REPUBLIKA.CO.ID, JAKARTA – Ketua Umum Ikatan Cendikiawan Muslim Indonesia (ICMI), Jimly Asshiddiqie, mengajak konstituennya untuk menyusun peta jalan kebijakan nasional Indonesia 2025-2045.
Hal yang dia sebut Pokok-Pokok Haluan Negara (PPHN) atau Garis-garis Besar Haluan Negara (GBHN) versi ICMI itu nantinya akan disumbangkan kepada presiden dan juga semua partai politik.
"Jadi terlepas dari perdebatan tentang perubahan UUD, ya sudah lah yang penting kita susun dulu versi kita. Nanti kita sumbangkan ke Presiden maupun ke semua partai," ungkap Jimly pada ICMI Podcast yang disiarkan secara daring, Kamis (9/9).
Dengan begitu, Jimly menyatakan, ICMI juga mempunyai impian untuk 20 tahun terakhir menjelang usia Indonesia yang ke-100 tahun pada 2045. Dia mengatakan, adanya perbedaan peta jalan yang ICMI bentuk dengan PPHN atau GBHN yang disusun partai nantinya tak menjadi soal.
"Yang penting ada record bahwa PPHN 2025-2045 ada elemen usulan ICMI. Saya kira ini memerlukan integrator, manager barangkali, bisa membantu sehingga di tengah kesulitan komunikasi begini kita terus memainkan peran pemikiran-pemikiran yang menjangkau kebutuhan jangka panjang," kata dia.
Jimly melihat, saat ini semua pejabat, terutama para politikus, sudah terjebak terlalu jauh dalam pragmatisme atau kepentingan-kepentingan jangka pendek. Menurut dia, itu semua terjadi karena tuntutan keadaan di mana sudah terdapat liberalisasi ekonomi dan politik yang terjadi secara berbarengan.
"Suasananya kaya begitu karena ada tuntutan keadaan. Liberalisasi ekonomi dan politik sekaligus. Jadi semua jabatan diperebutkan seperti politik pasar bebas. Seperti halnya di ekonomi juga begitu, ekonomi pasar bebas," ungkap Jimly.
Karena itu, dia menilai, ICMI perlu memfungsikan masjid dan kampus dengan imtaq dan ipteknya untuk membimbing mereka dari praktik pragmatisme pasar ekonomi dan pasar politik bebas tersebut. Saat menyatakan itu, dia juga mengutip apa yang dikatakan Rasulullah Muhammad SAW.

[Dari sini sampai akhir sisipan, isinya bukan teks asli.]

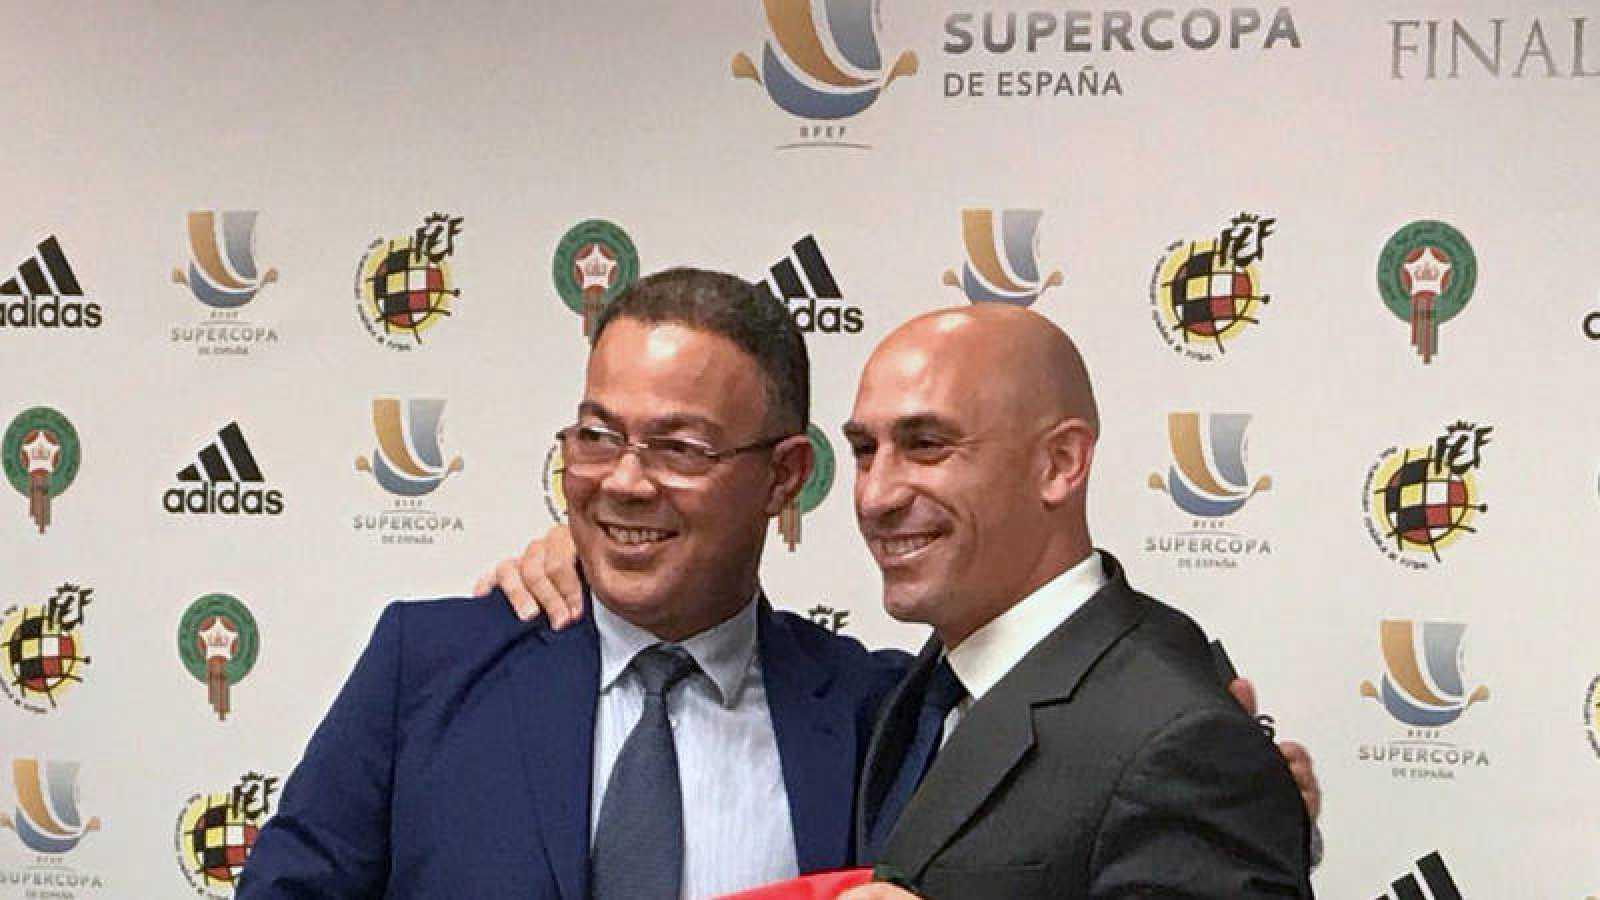 Los presidentes de las federaciones de Marruecos y España, Fouzi Lekjaa y Luis Rubiales, en la presentación de la Supercopa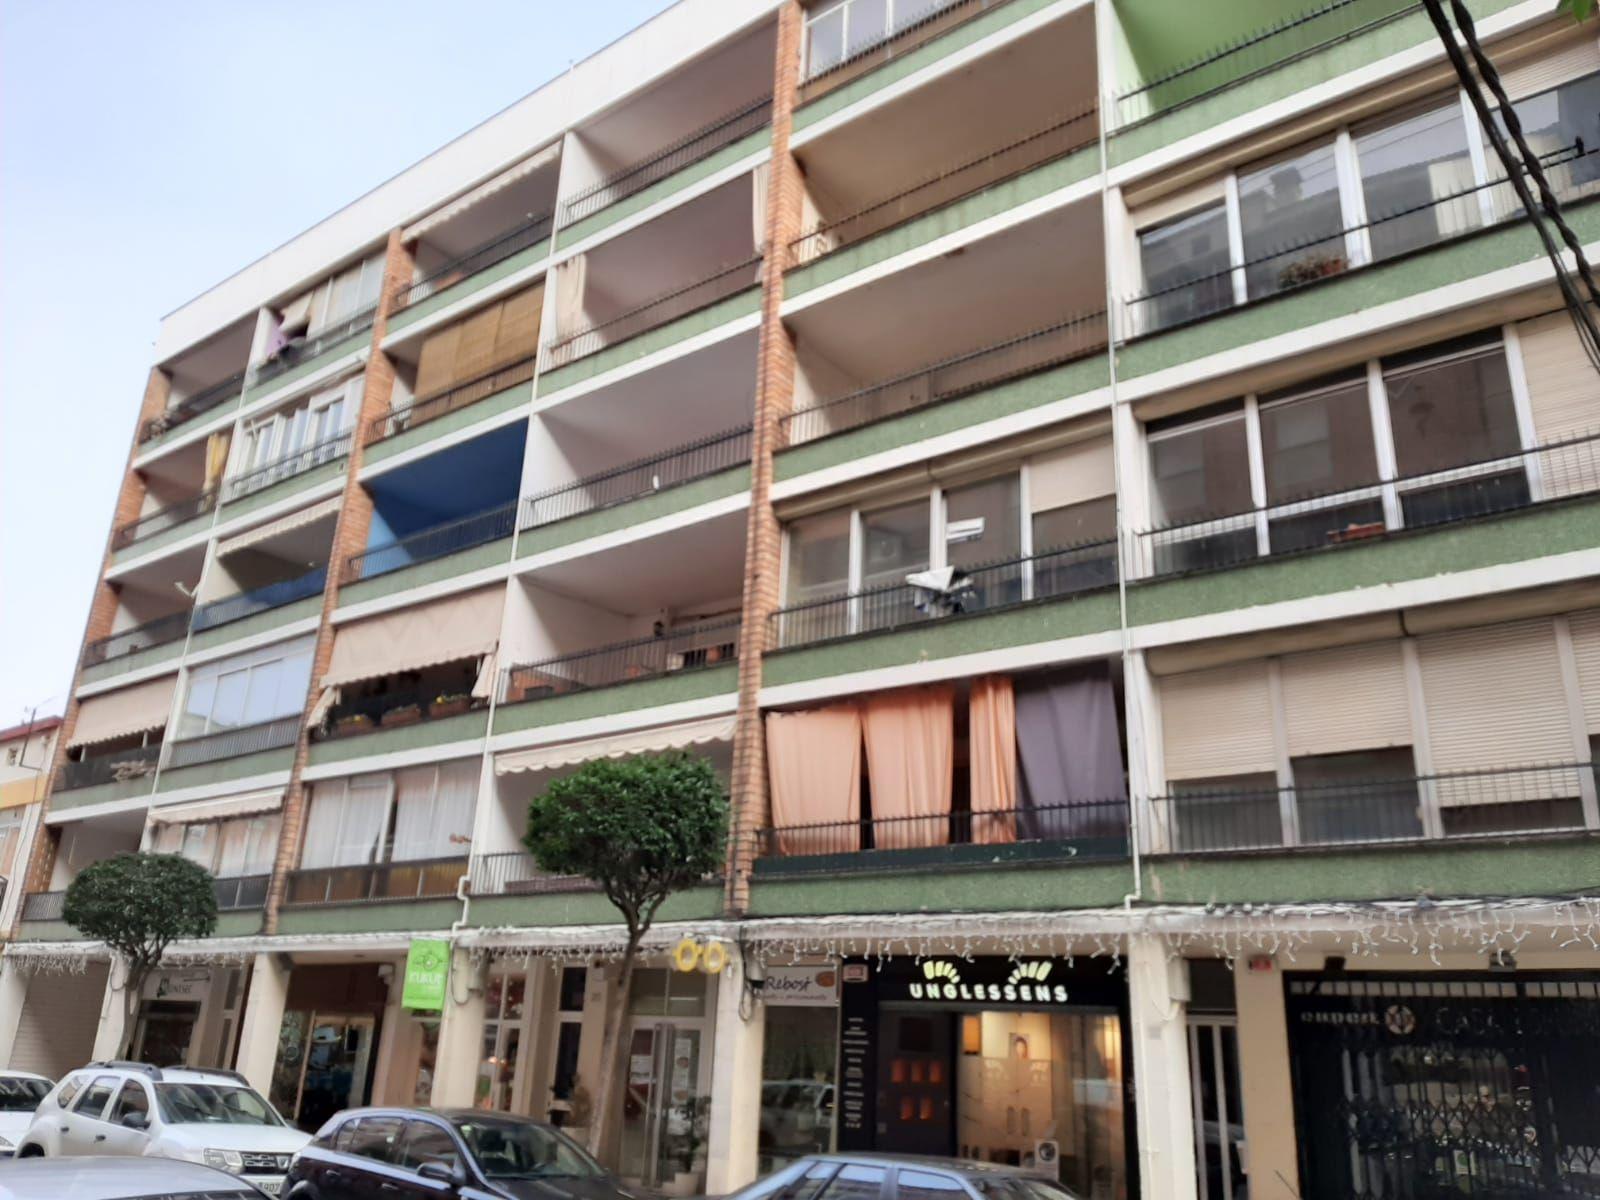 Piso en venta en Balaguer, Lleida, Calle Padre Sanahuja, 33.800 €, 3 habitaciones, 1 baño, 127 m2

"Sebaik-baiknya tempat itu ya masjid, seburuk-buruknya tempat itu pasar. Mengapa gambaran pasar buruk, karena di dalamnya pragmatis," jelas dia. Mantan ketua Mahkamah Konstitusi itu juga mnlihat, keputusan-keputusan yang dibuat para pembuat kebijakan kerap dilakukan secara gampang. Keputusan-keputusan yang dibuat dengan tidak saling mendengarkan pendapat yang lainnya.
"Jadi jangan sampai kita telat untuk memberi masukan, apalagi kalau kebijakan-kebijakan, keputusan-keputusan, yang berdampak panjang," ujar dia.
Dia mengkhawatirkan terkait kebijakan-kebijakan pada dunia pendidikan. Apabila kebijakan tersebut dibuat seperti itu, maka dampak yang akan ditimbulkan bagi bangsa ini adalah dampak jangka panjang.
"Maka marilah kita urunan ide, urun pemikiran, sambil membuka ruang komunikasi, ruang perdebatan substantif, bukan untuk mempersoalkan orang per orang, golongan per golongan, tapi ide-ide. Karena kebetulan zaman berubahnya cepat sekali," kata dia.
Jimly menuturkan, ruang publik yang dahulu dibayangkan akan masuk ke era reformasi dan era komunikasi saat ini justru terbalik. Dia menamakan era saat ini adalah era misinformasi dan era diskomunikasi.
Itu terjadi di saat publik diminta untuk bersilatuahmi, tapi nyatanya di ruang publik penuh dengan permusuhan dan kebencian.
"Semua orang saling mengecam. Dengan asumsi bisa menutupi identitas, semua jadi berani mengujat agama orang setiap hari. Dan kita juga semakin baper. Sekali kita baper sebagai komunikan, emosional, maka isi ruang publik sekarang ini penuh emosi, kebencian, permusuhan. yang ada semangatnya bukan kasih sayang, bukan silaturahim," kata Jimly.